### Source material:
Content starts

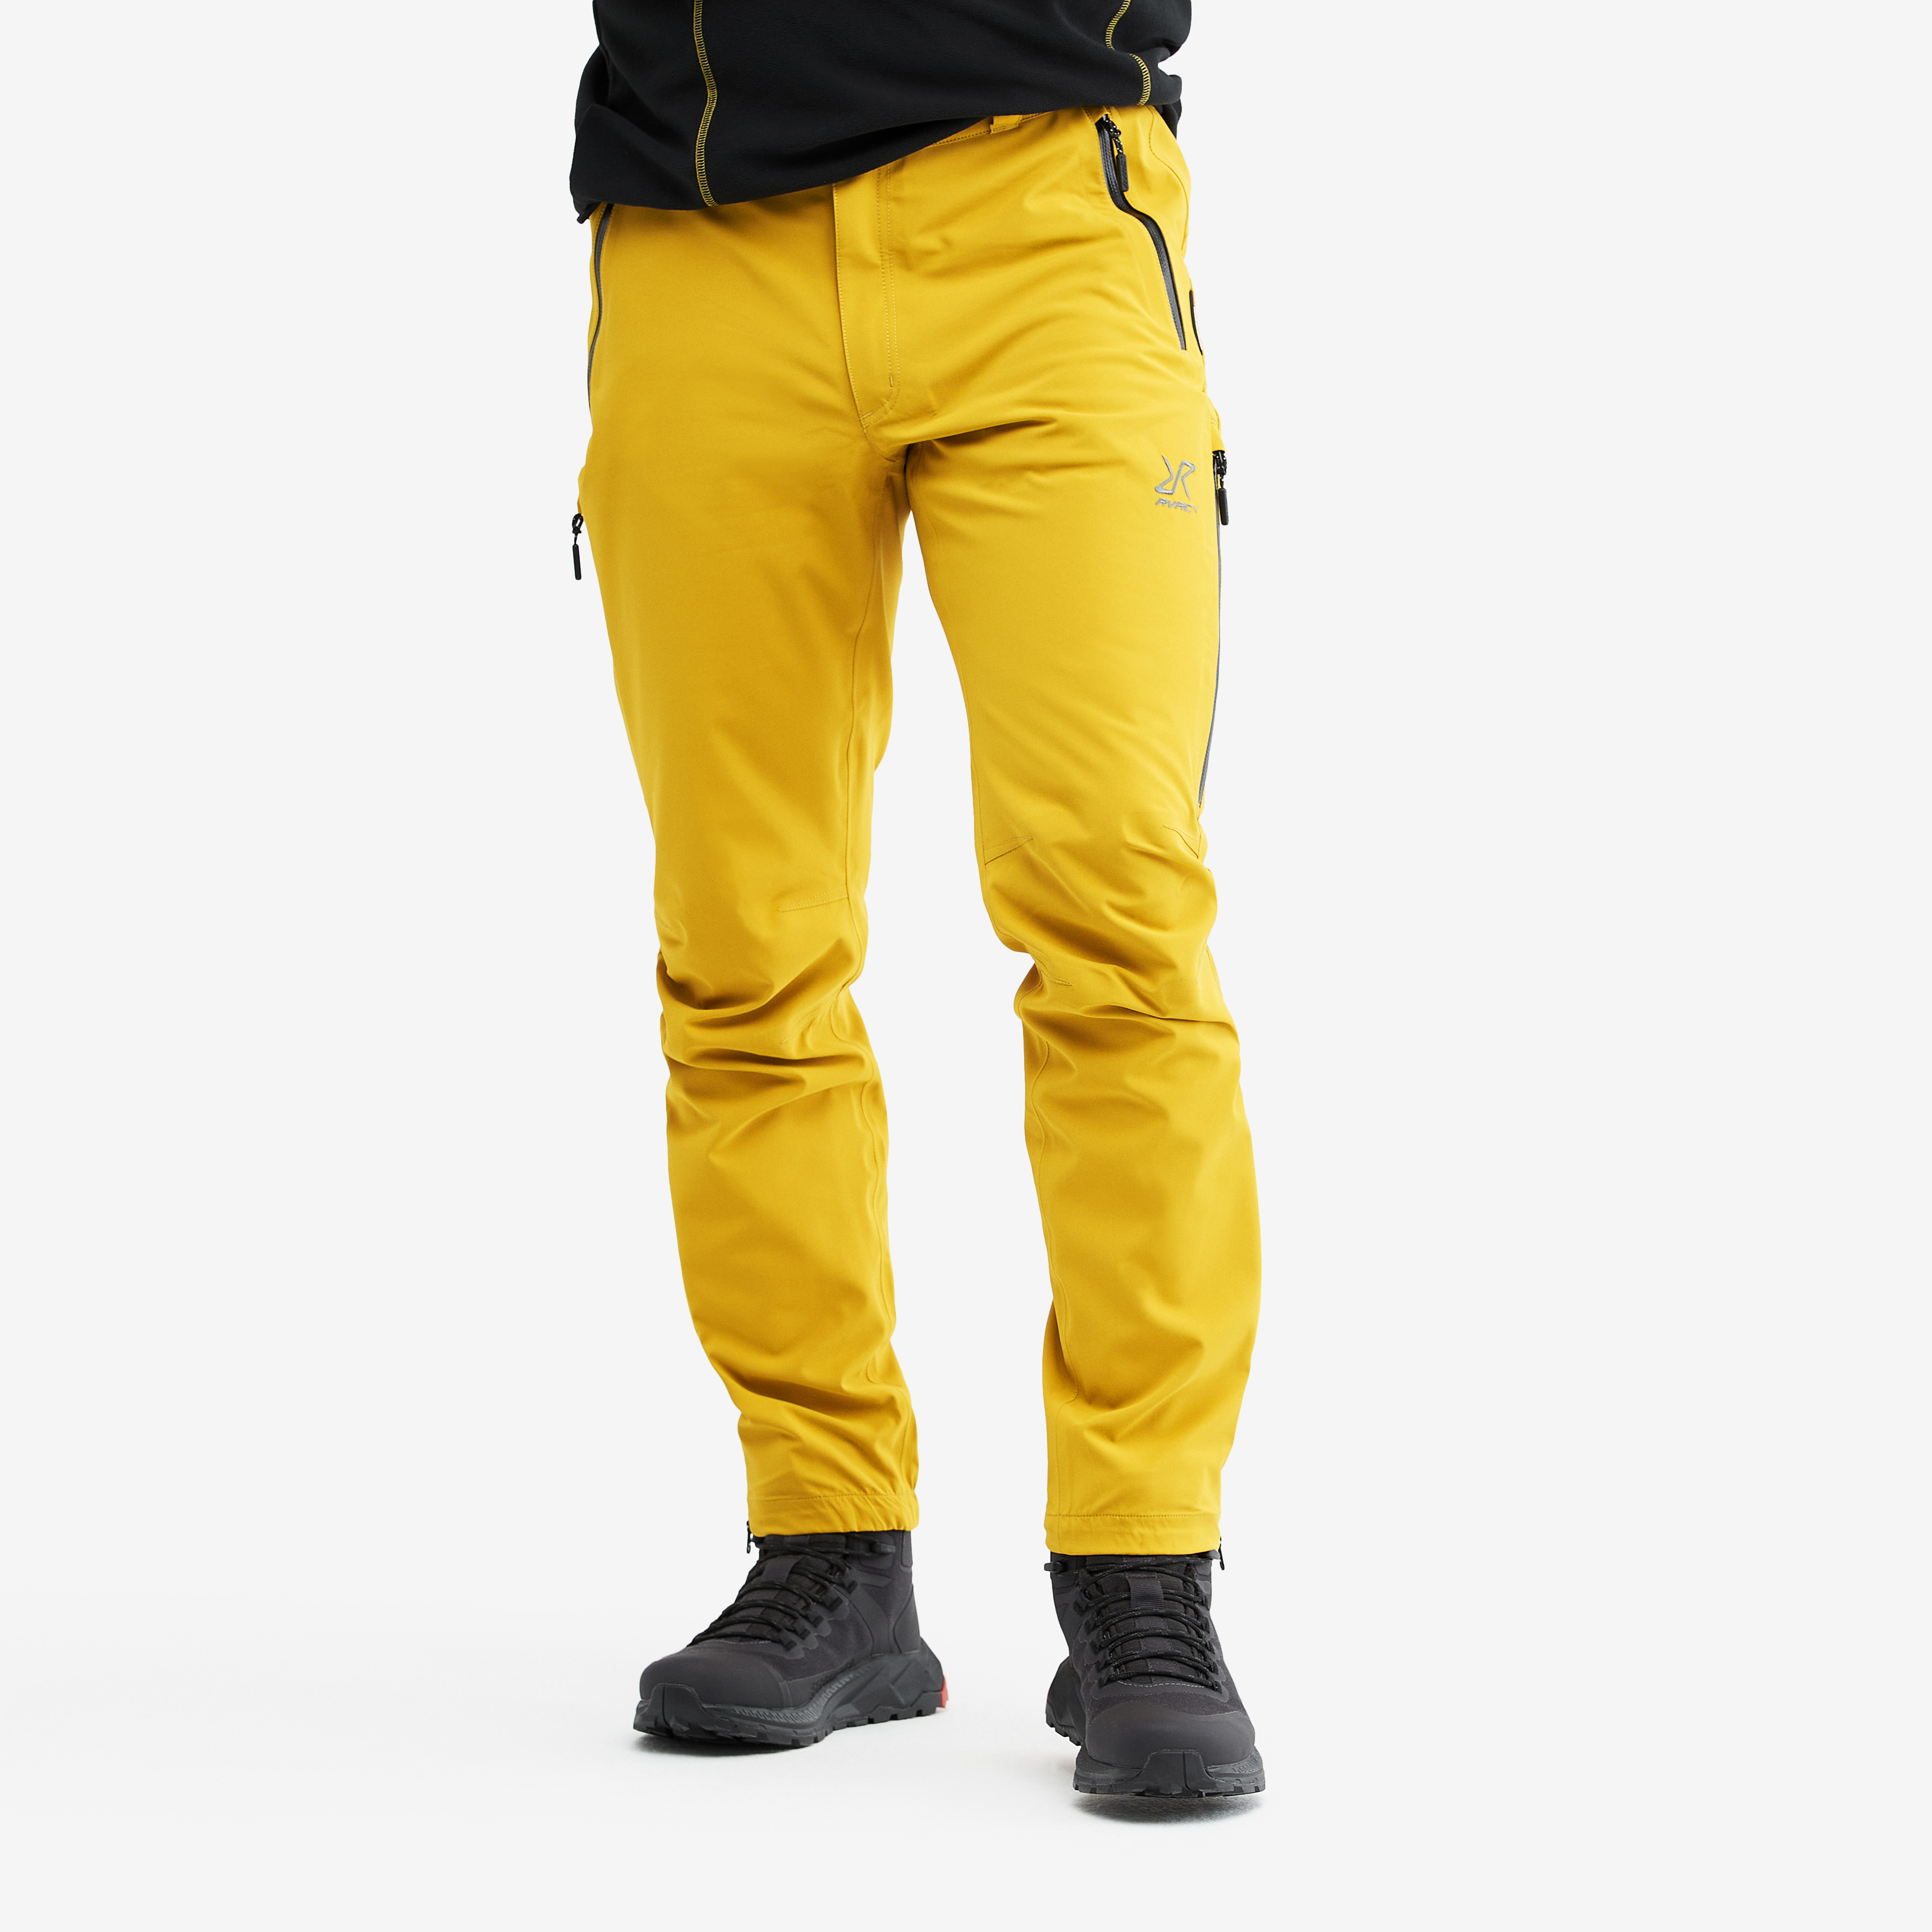 Whisper waterproof trousers for men in yellow
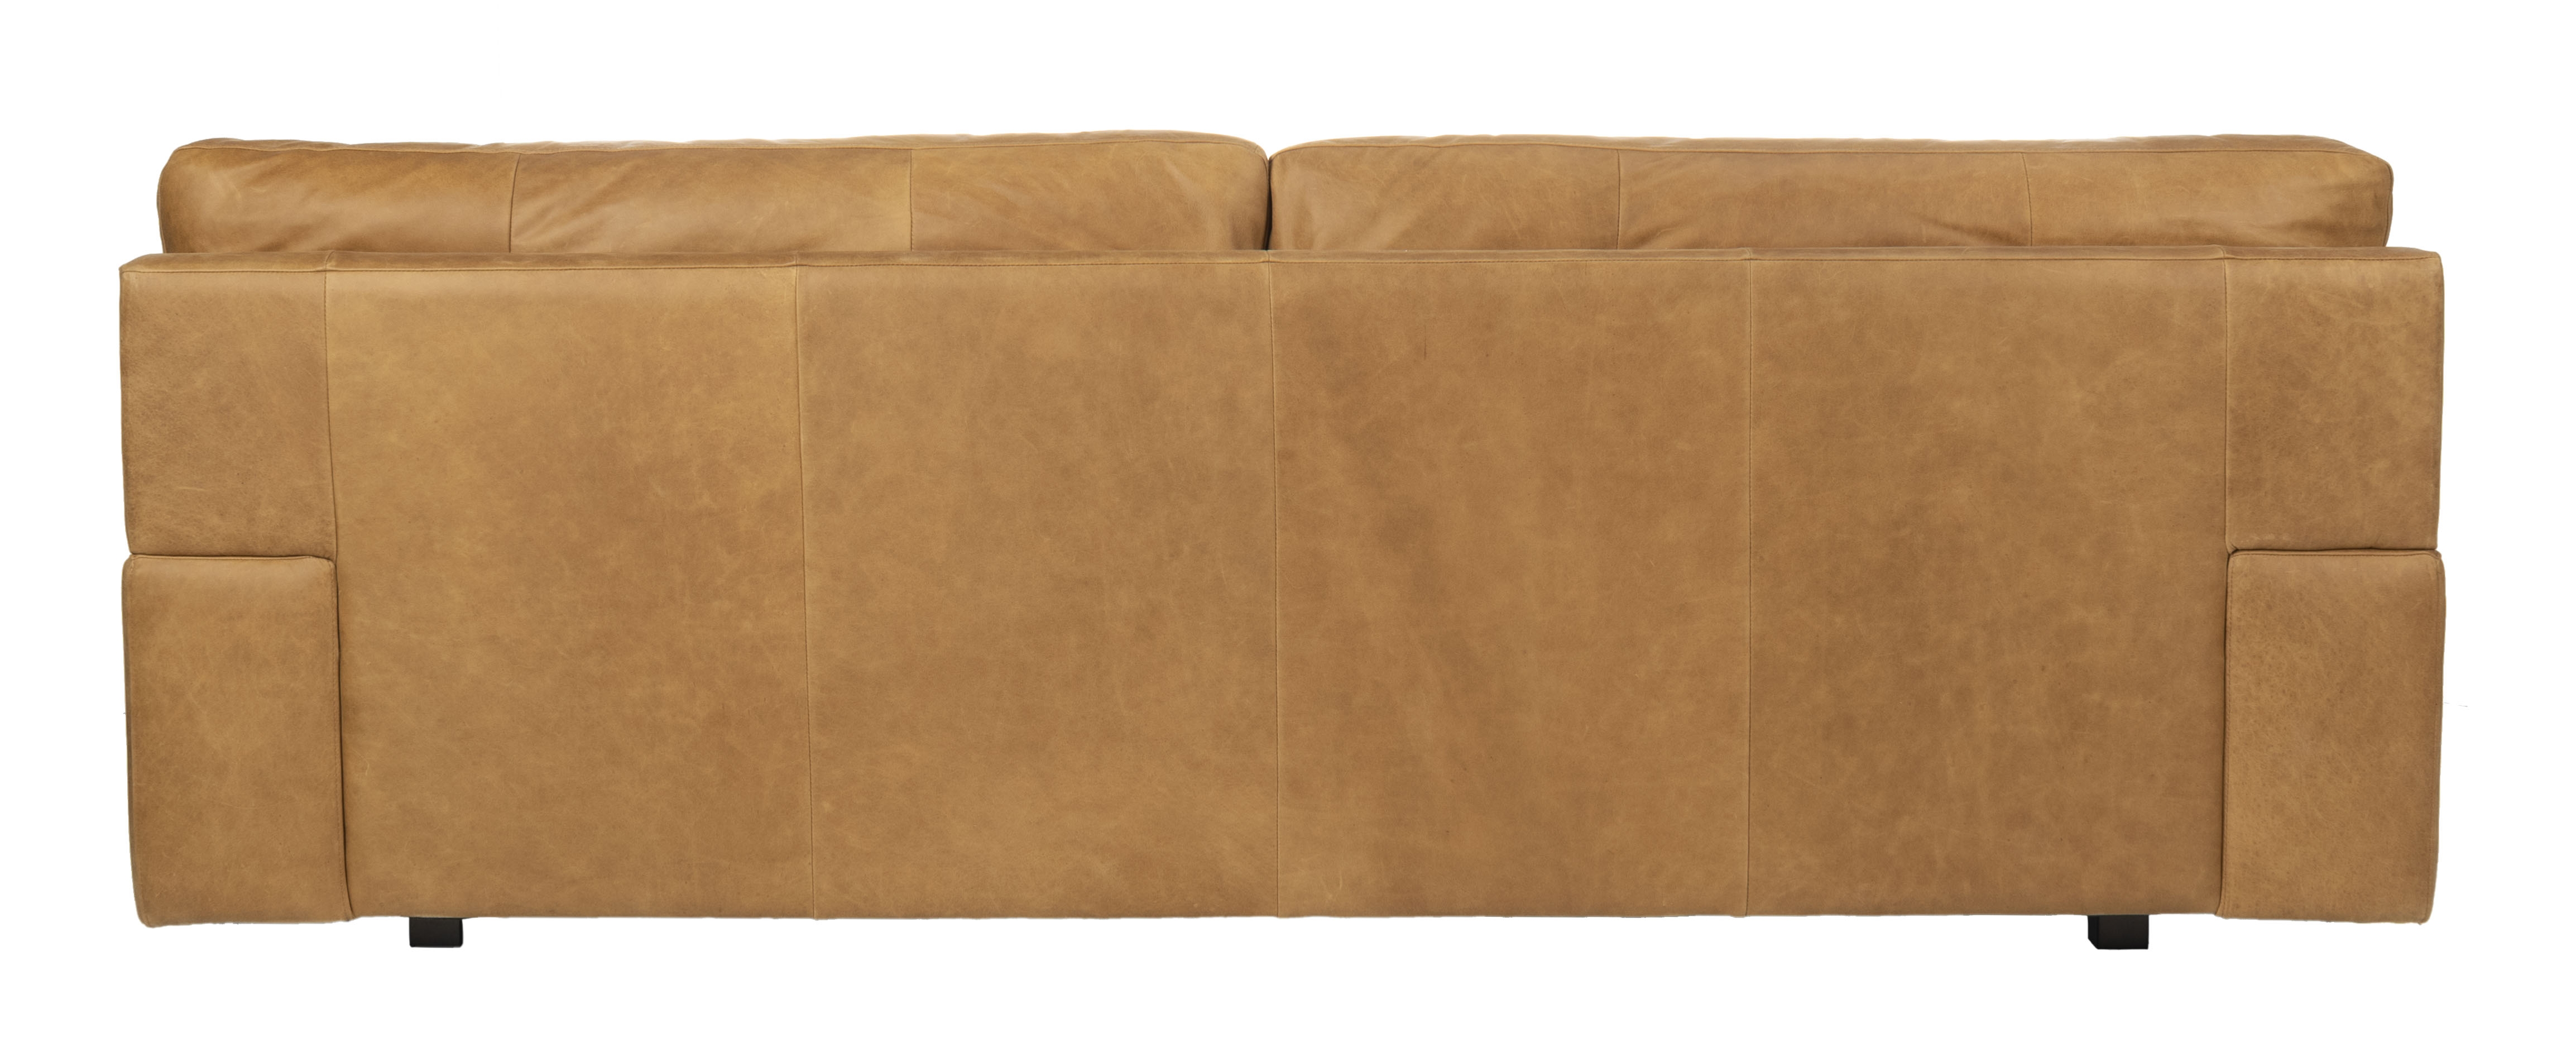 Osma Italian Leather Sofa, Caramel - Image 4
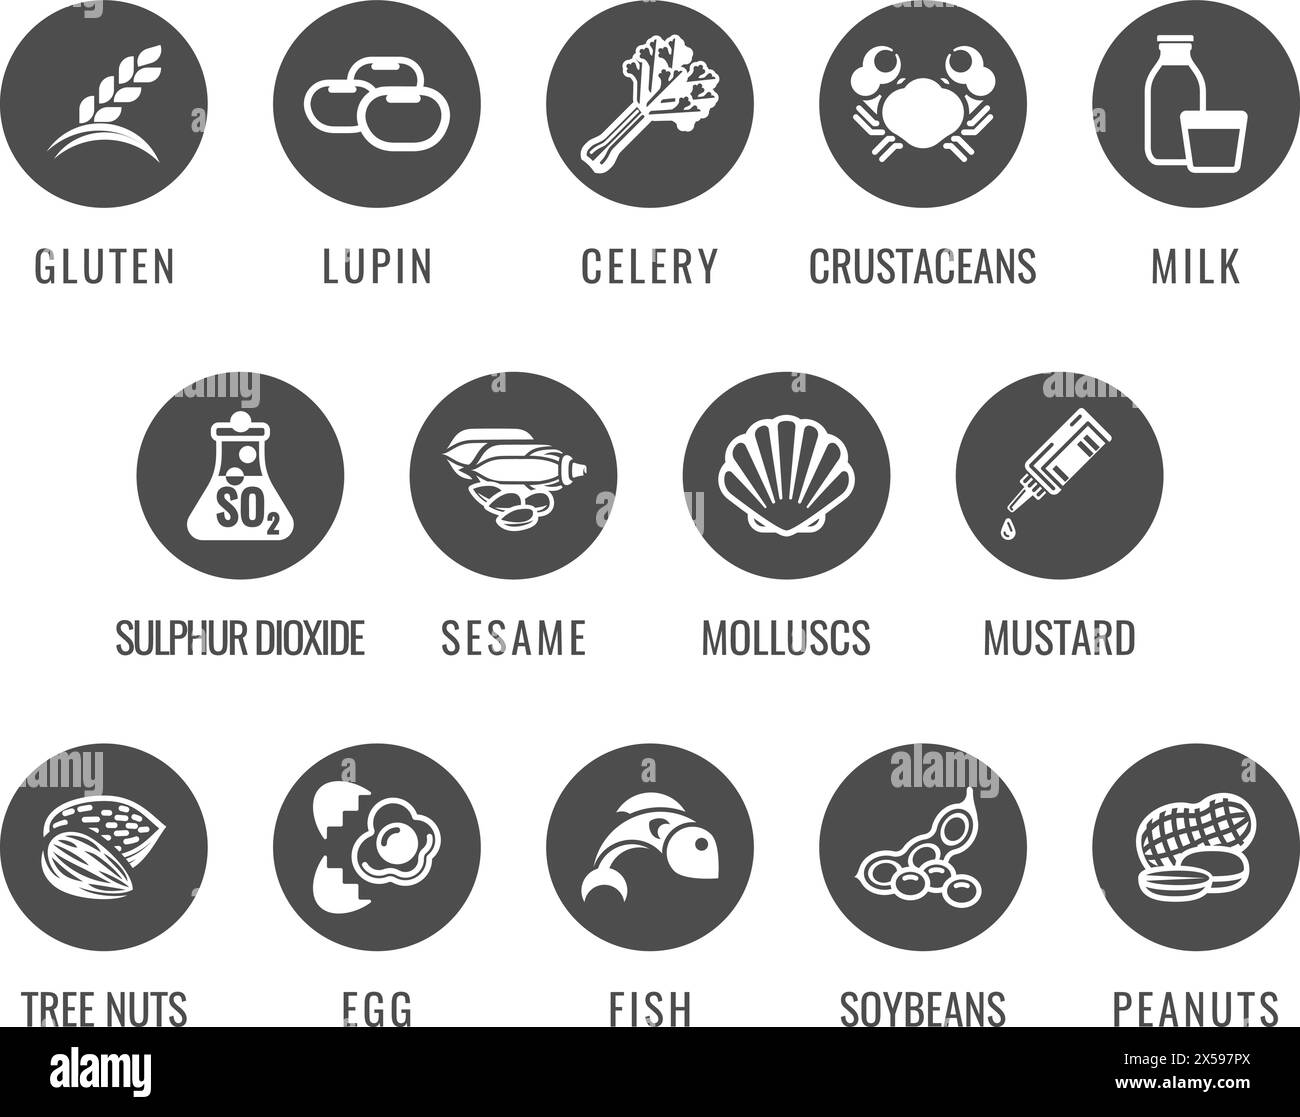 Allergen Food Major Allergy Icons Stock Vector
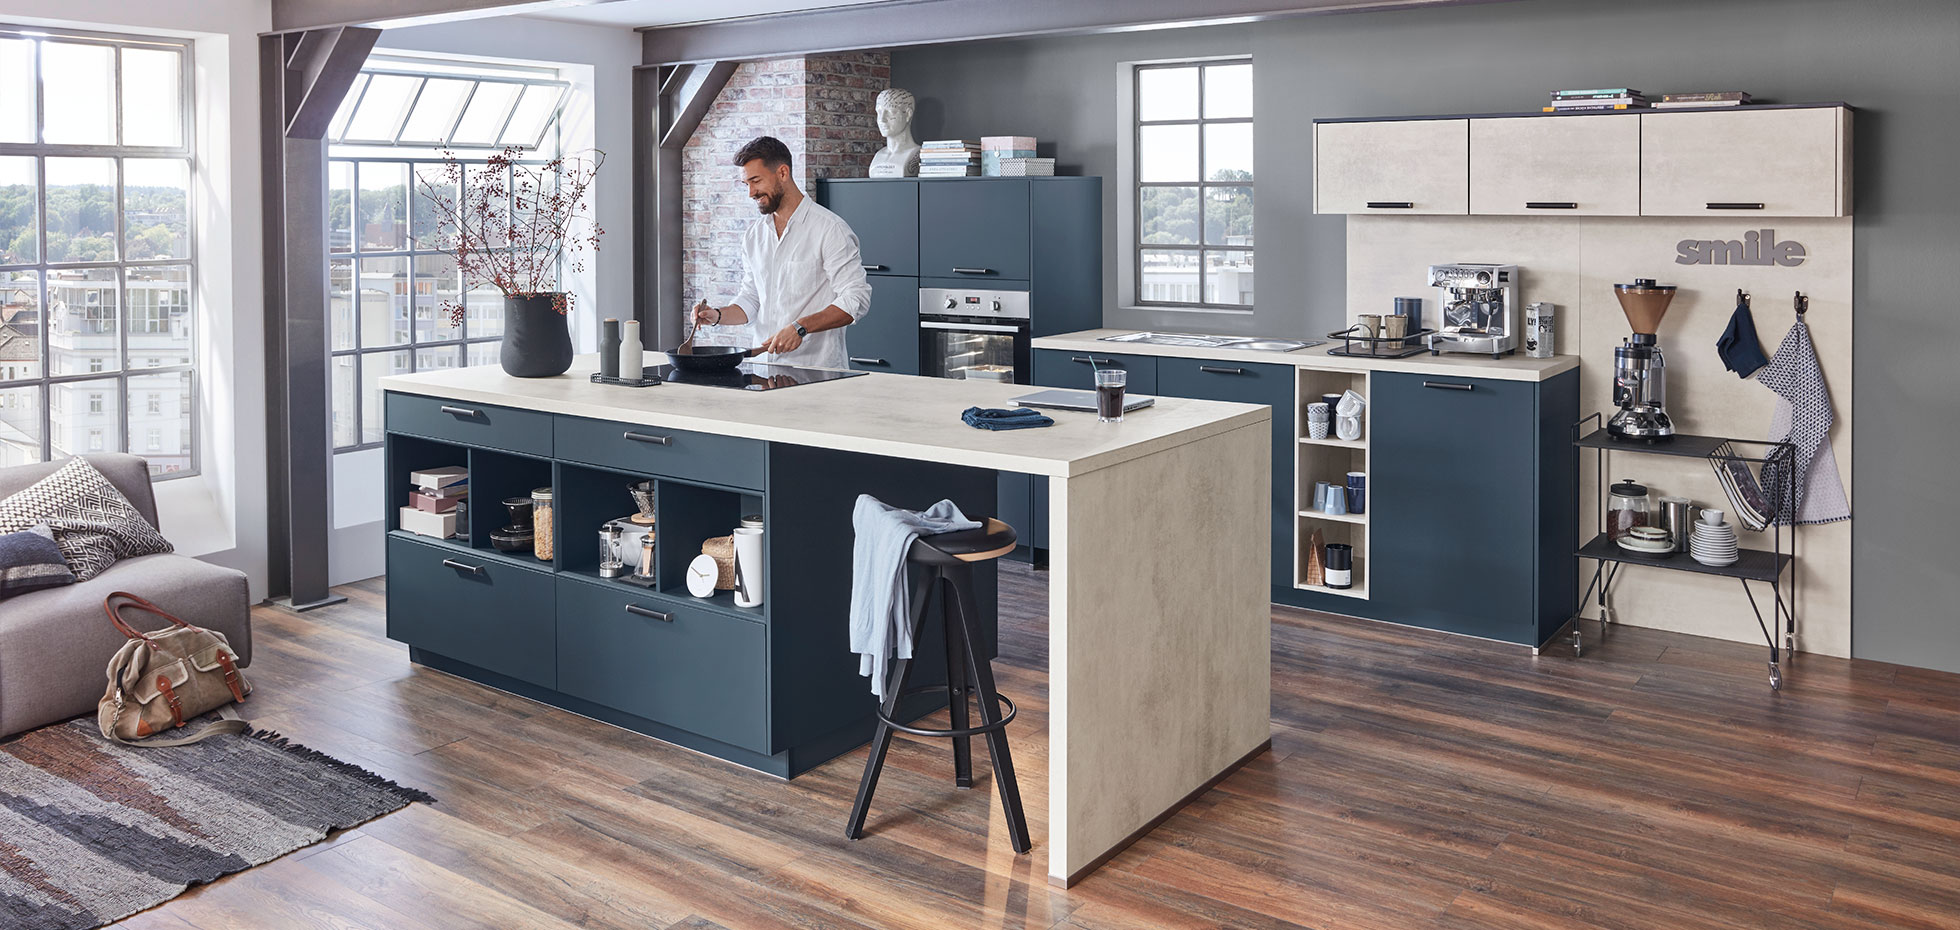 Eine offene Küche kann ein wunderbarer Weg sein, um den Wohn- und Essbereich modern zu kombinieren.

Content ends

### Exercise instructions:
Here the lines from the one with "Osma Italian Leather Sofa, Caramel - Image 4" through the last line of the data above need to be repeated exactly, both included, and any picture omitted.

### Exercise response:
 Osma Italian Leather Sofa, Caramel - Image 4
 Allergen Food Major Allergy Icons Stock Vector
 Eine offene Küche kann ein wunderbarer Weg sein, um den Wohn- und Essbereich modern zu kombinieren.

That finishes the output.